Will we have an ICD-10 code for that?
"The quality of healthcare has decreased with the implementation of EHRs and core measure/meaningful use requirements."
From MedPage Today.
Questioning Medicine: EHRs and Attention Deficit
Published: Jul 27, 2014


EHR-Acquired Attention Deficit Healthcare Disorder

"How are you today sir?" I ask a patient.

"Pretty good, I've been doing what you asked me to do. But I have this problem ... ," the patient replies.

And there I am. One moment, focusing on the patient, and then another hunting for the right series of key strokes to bring up a normal, 10-point review of systems.

The patient trails off into nonpoetic prose, and I am focused on the meaningful use requirements for this visit. One question into the exam, and I have failed my patient. Patient-centric care is a thing of the past.

A mentor of mine once said "Nobody truly can multitask in healthcare. You simply shift focus and attention rapidly from one thing to another." Our attention is being manipulated and stolen by the machine that is modern medicine.

The quality of healthcare has decreased with the implementation of EHRs and core measure/meaningful use requirements.

As we focus on EHR compliance, we miss the very core of what makes a consummate physician in any field. Time. We are blinded by the need to meet coding criteria, fulfill an antiquated guideline, or be compliant with the corporate demands of documentation.
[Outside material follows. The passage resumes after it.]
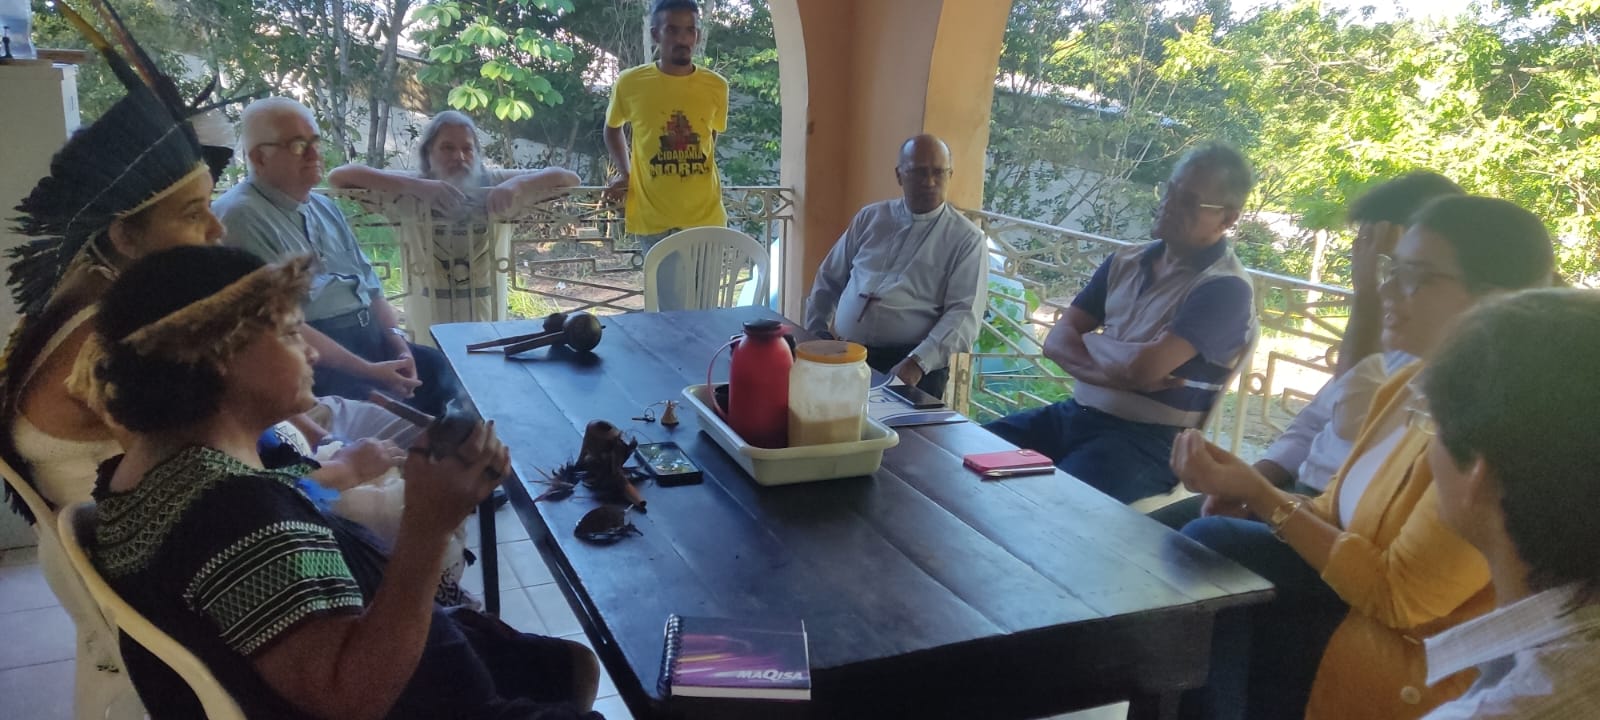 Dom Limacêdo Antonio participa de reunião com a Funai em área indígena no Grande Recife

These obstacles have stolen the 15 to 20 minutes a doctor would spend asking "The Question" and listening with ears aged with wisdom. Our time is torn from the patient by these healthcare distractions...
Meaningful Use is gettin' little love these days.
"As we focus on EHR compliance, we miss the very core of what makes a consummate physician in any field. Time. We are blinded by the need to meet coding criteria, fulfill an antiquated guideline, or be compliant with the corporate demands of documentation."
Notwithstanding that, until I retired last year, I worked with the Nevada REC doing Meaningful Use implementations, my iconoclastic views are well-known, and I repeat what I've said before more than once: serious and rational  Health IT critics need to be taken seriously. I would count these physicians among them.
"Medicine is becoming increasingly more regimented and standardized, and I fear the "art of medicine" has been reduced to attempts at navigating the new EHR faster than ever and not the skill sets that made primary care the most respected field in medicine."
But, every time I hear or read that "art of medicine" beg-off, my hand slides inexorably over my wallet.
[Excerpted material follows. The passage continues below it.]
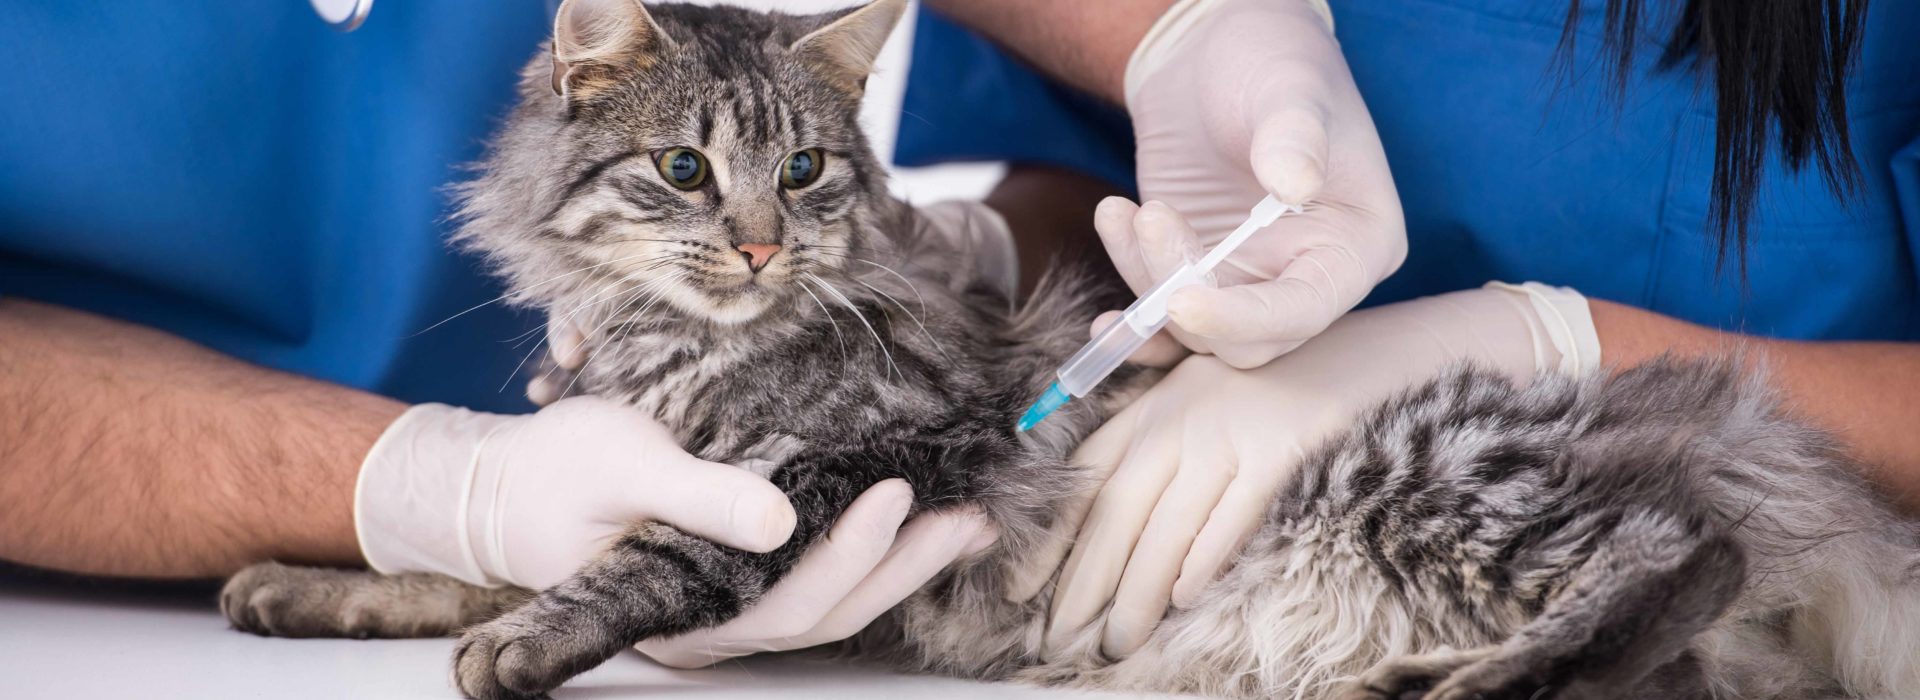 cat-vaccination

When I am ailing, I want dx's and tx's that are scientific. apropos, see my December 2013 post "Philosophia sana in ars medica sana," specifically my cites of Mario Bunge's book "Medical Philosophy."

It bears repeating that the etymological roots of "philosophy" are "philo" (love of, devotion to) "sophia" (knowledge, truth). Properly, "science," not long-winded, obtuse, fifty-dollar-word speculations about arcane, unprovable matters.
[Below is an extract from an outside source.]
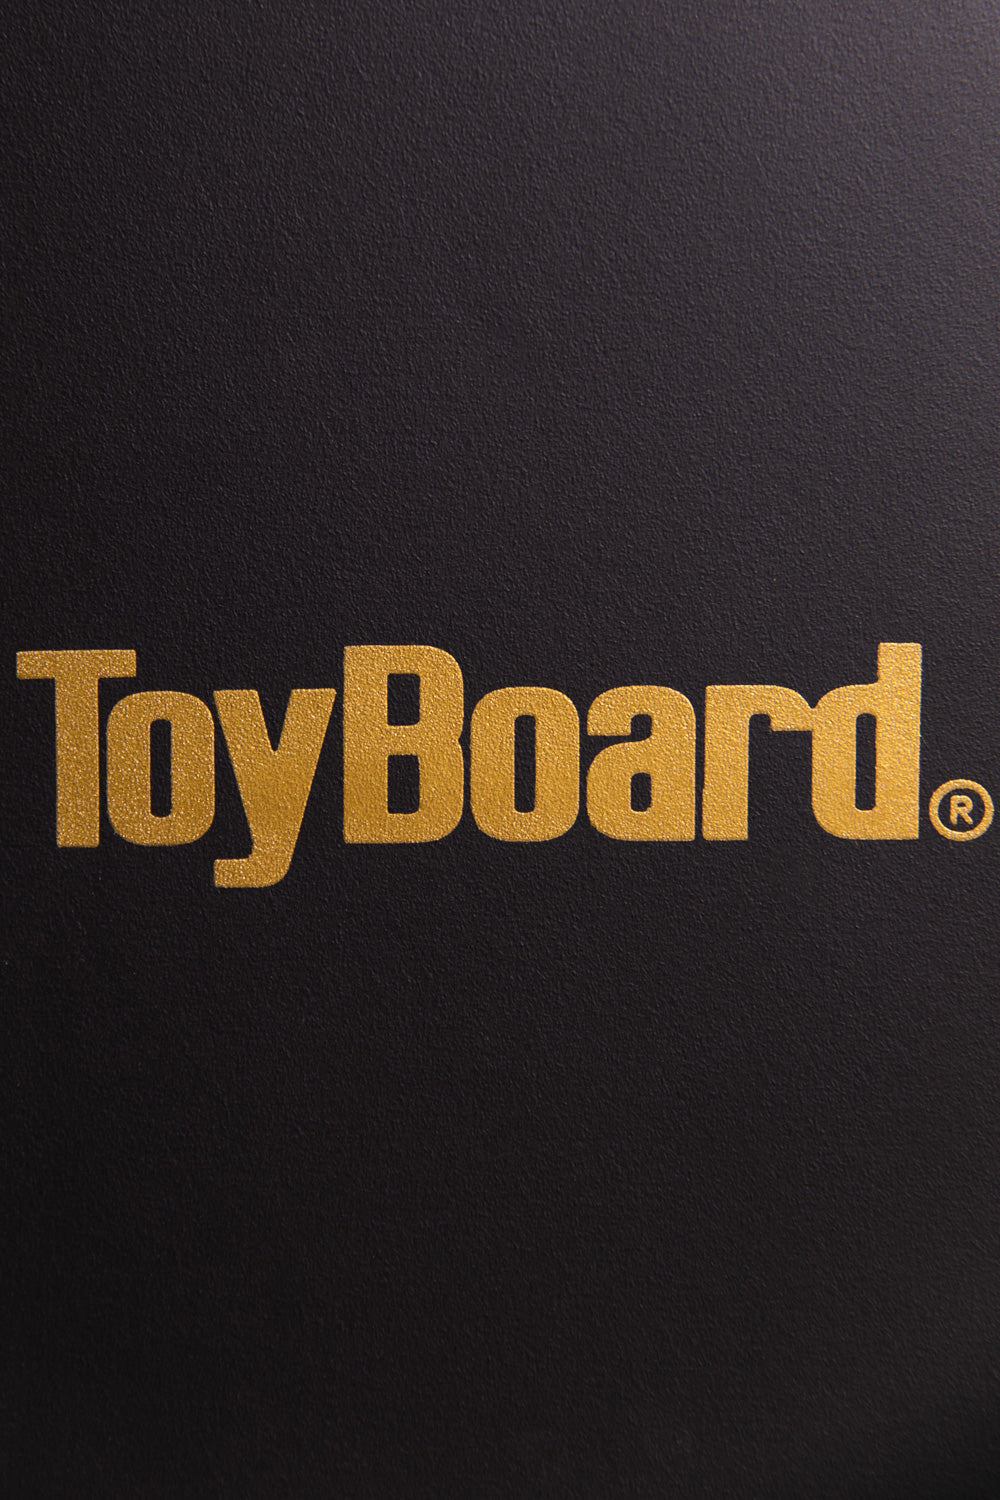 ToyBoard logo in golden letters

The "Art of Medicine" goes to the creative use of intuition and heuristics, and making (frequently iterative and/or recursive) "leaps of faith" guided by them. Given the loose, multivariate coupling of cause and effect in biological dynamics, it often "works," saving time over algorithmic "cookbook medicine."

The engineer designing a suspension bridge is accorded no such luxury.

The real beef here, IMO, is not health IT per se or the Meaningful Use requirements, but with the rushed workflows demanded by the payment paradigm, the "Tyranny of the 99213."

What if we could have a Mayo model, writ large? Insulate clinicians from the "productivity treadmill"? Naive?

See my prior post "There is no more wasteful entity in medicine than a rushed doctor."

A personal observation in support of these critics. I "retired" last year from my REC/HIE, sold the house in Vegas, and relocated to the Bay Area, where my wife works. I am now in the Muir healthcare system, with a new Primary, a pleasant, bright young doc with whom I've hit it off pretty well.

I've seen him twice now, and seen a Muir system specialist to whom he's referred me (also twice). 

Muir is on Epic. The day of my first visit (to their new facility in Walnut Creek), they were on Shakedown Cruise in a beautiful new facility on Treat Blvd, and I had to have my visit with an Epic IT guy in the exam room (there were bugs). 

The M.A. had trouble logging on. In and out, in and out...

She then put me through what I knew to be a Meaningful Use-driven workup: FH, SH, PMH, vitals, active dx's active meds, CC (despite my having uploaded to the portal the most recent progress note export dump my former Primary had given me from his EHR).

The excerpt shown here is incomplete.